Telecom Italia Investor Findim Needs Pledge to Back Share Sale

Telecom Italia SpA (TIT)’s second-largest shareholder said it would support a stock sale by the carrier on condition that it’s backed by a business plan to return Italy’s biggest phone company to growth.

“In order for Findim to participate in an eventual Telecom Italia capital increase, our group would need a strategic business plan that will create real value for the phone company, on which the management’s credibility will hang,” Marco Fossati, whose Findim Group SA owns about 5 percent of Telecom Italia, said in an interview Aug. 30.

Chief Executive Officer Franco Bernabe is racing against time after rating companies put Telecom Italia’s debt under review for a possible downgrade to junk. A cut to non-investment grade -- Telecom Italia’s adjusted net debt of 28.8 billion euros ($38 billion) is almost triple its market value -- would put the Milan-based carrier in the same league as Portugal Telecom SGPS SA and Greece’s Hellenic Telecommunications Organization SA.

Telefonica SA (TEF), Mediobanca SpA, Assicurazioni Generali SpA (G) and Intesa Sanpaolo SpA (ISP) together own almost 22.5 percent of Telecom Italia through holding company Telco SpA. The partners, which agreed in February 2012 to renew their agreement for three years with an exit option in September 2013 and August 2014, may use the first window this month to revoke that accord, a person with knowledge of the matter has said.

Telefonica’s Call

Telefonica, which owns 46 percent of Telco, last month sweetened its bid for Royal KPN NV’s German wireless business to 8.55 billion euros in order to win the backing of KPN’s largest shareholder, America Movil SAB, for the transaction.

“It’s time for Telefonica to declare where it stands, the time for waiting and be passive is finished,” Fossati said. “Now is the time for Telefonica to decide which role it wants to play in Telecom Italia.”

Telecom Italia directors are scheduled to meet Sept. 19. CEO Bernabe said Aug. 2 in a conference call with analysts that the company doesn’t need a capital increase or a sale of the Brazilian unit to reach a year-end net debt target of less than 27 billion euros. A company spokesman couldn’t immediately be reached for comment.
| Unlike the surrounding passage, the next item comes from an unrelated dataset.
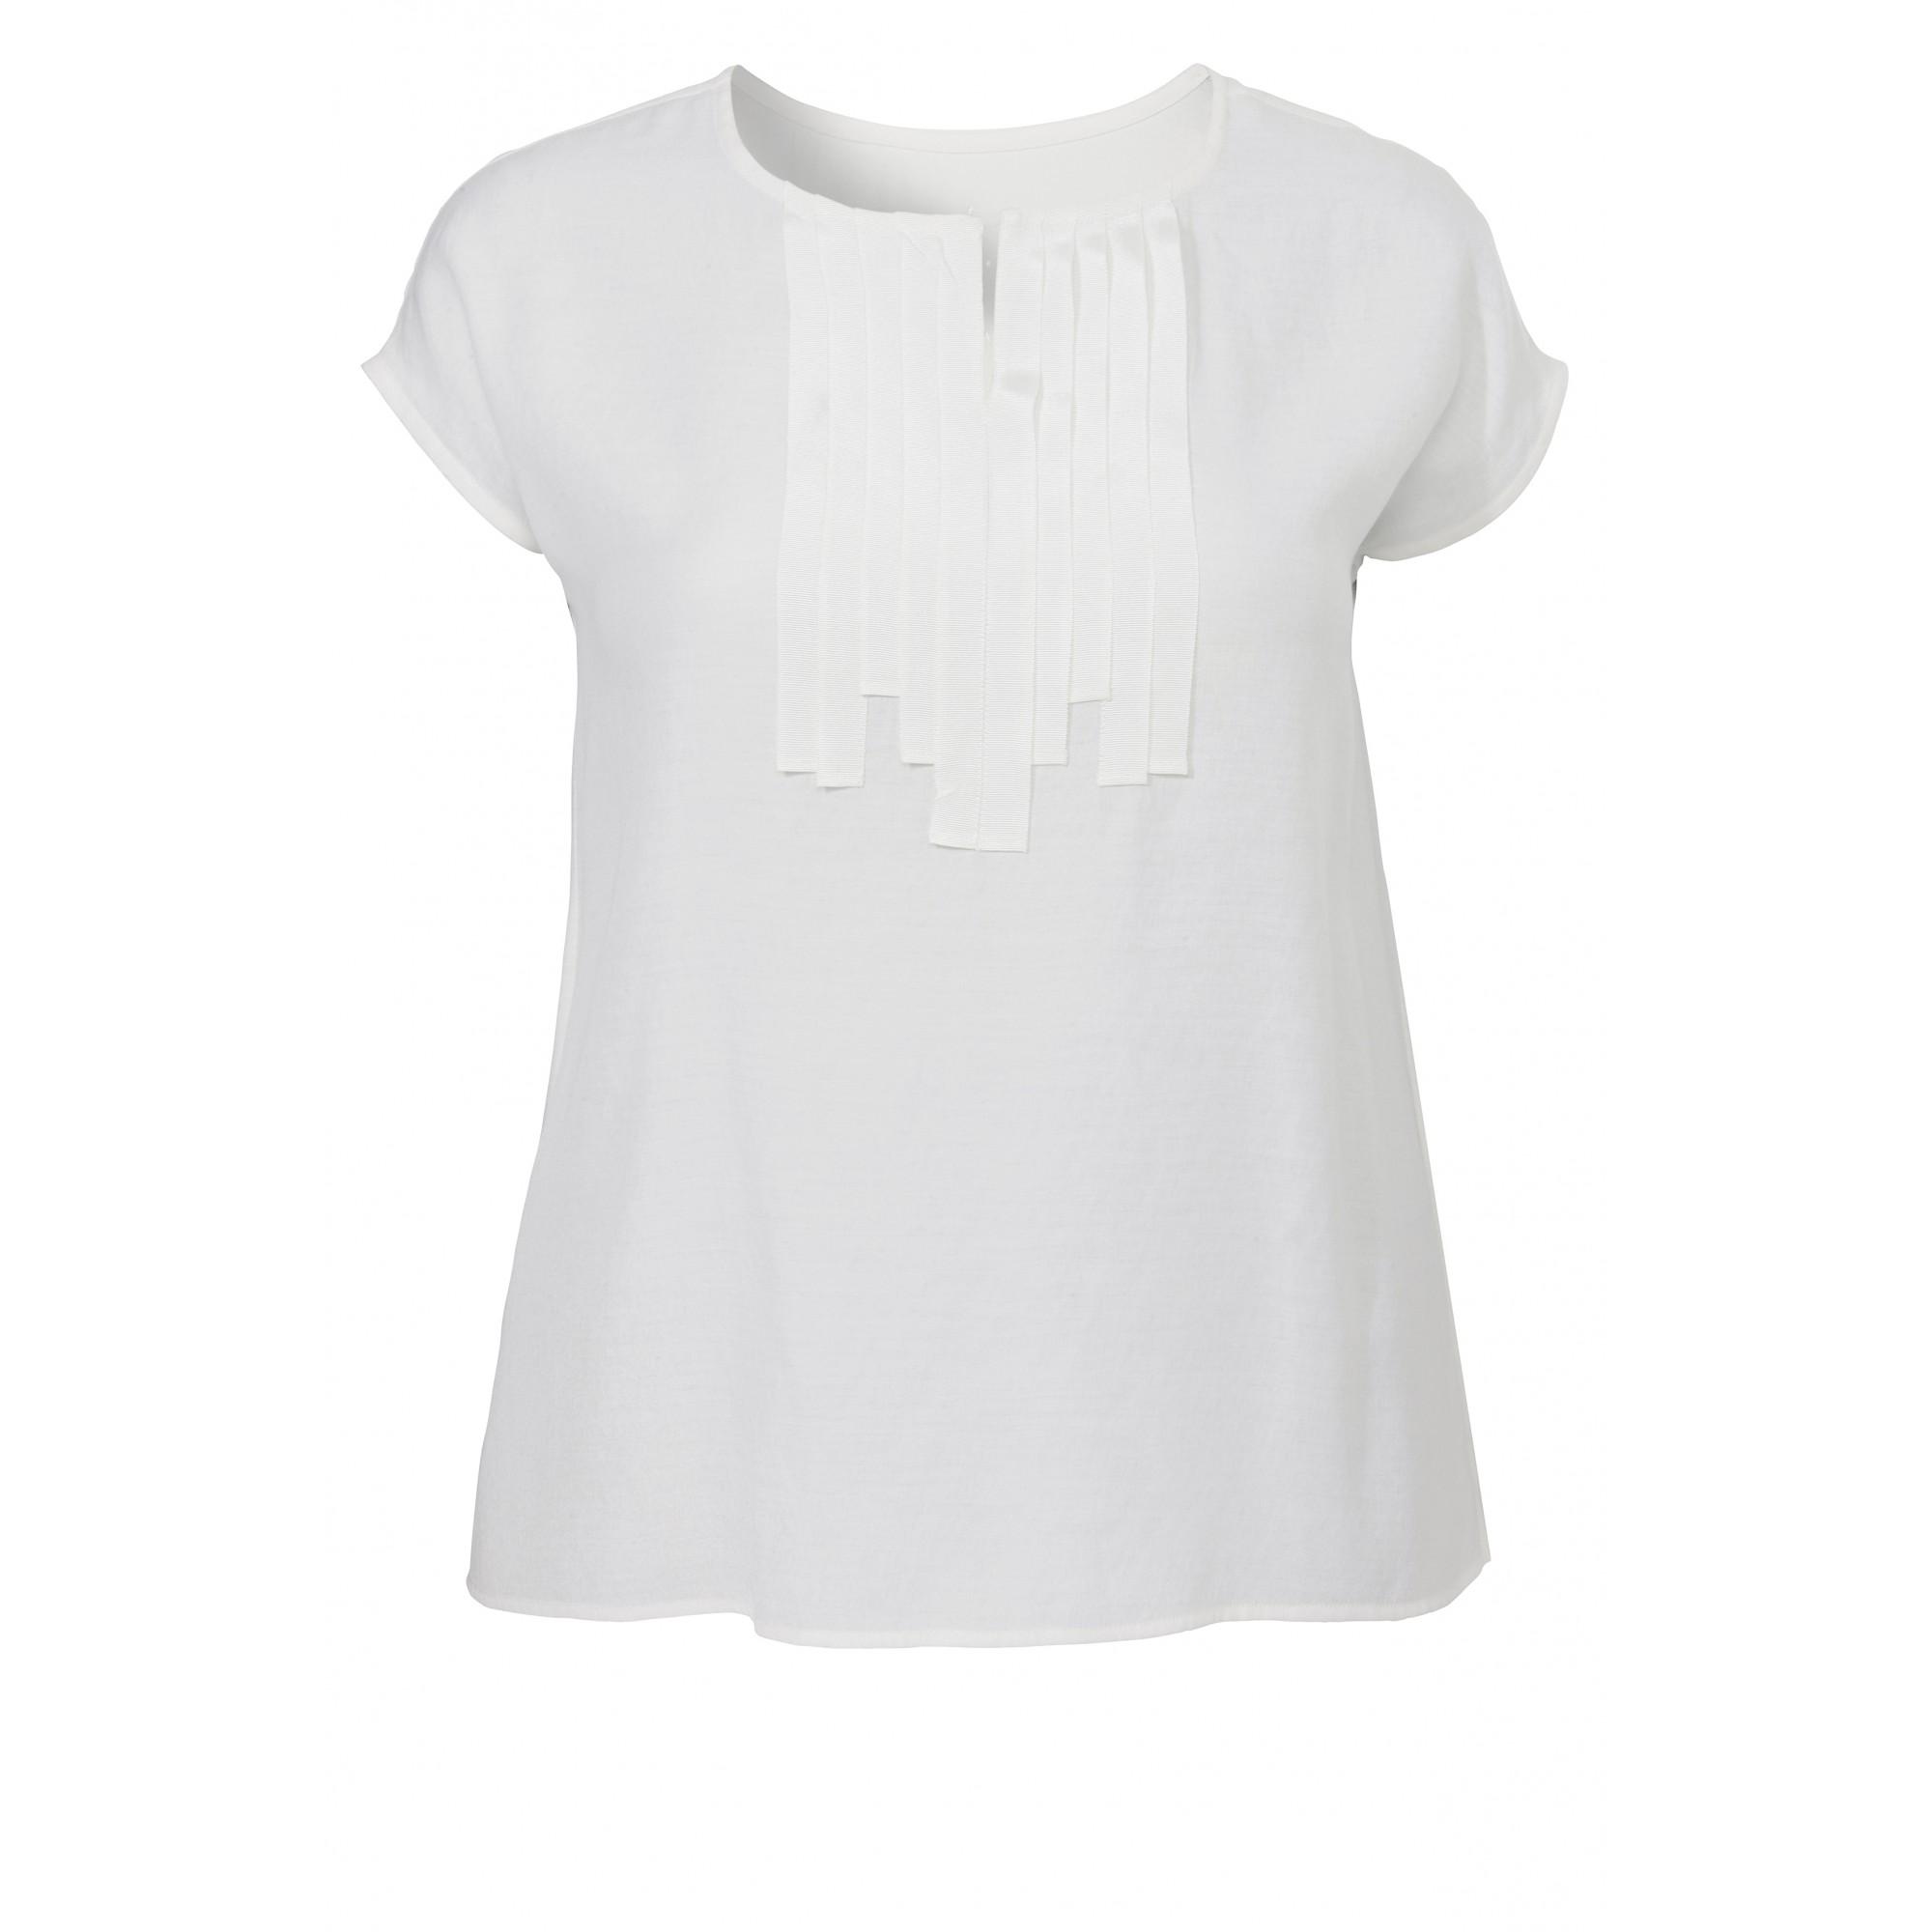 Sommerliches Damen-Shirt /Boheme & Glamour

After failing to sell a stake to Hutchison Whampoa Ltd. (13) earlier this year, Telecom Italia is now focusing on a spinoff of its fixed-line assets. Bernabe is relying on growth in Brazil and Argentina, which account for about 40 percent of the company’s revenue, to offset a slump in its home market.

“Tim Brazil’s sale would partially solve Telecom Italia’s financial problems in the short term but probably would compromise the future creation of equity value,” Fossati said.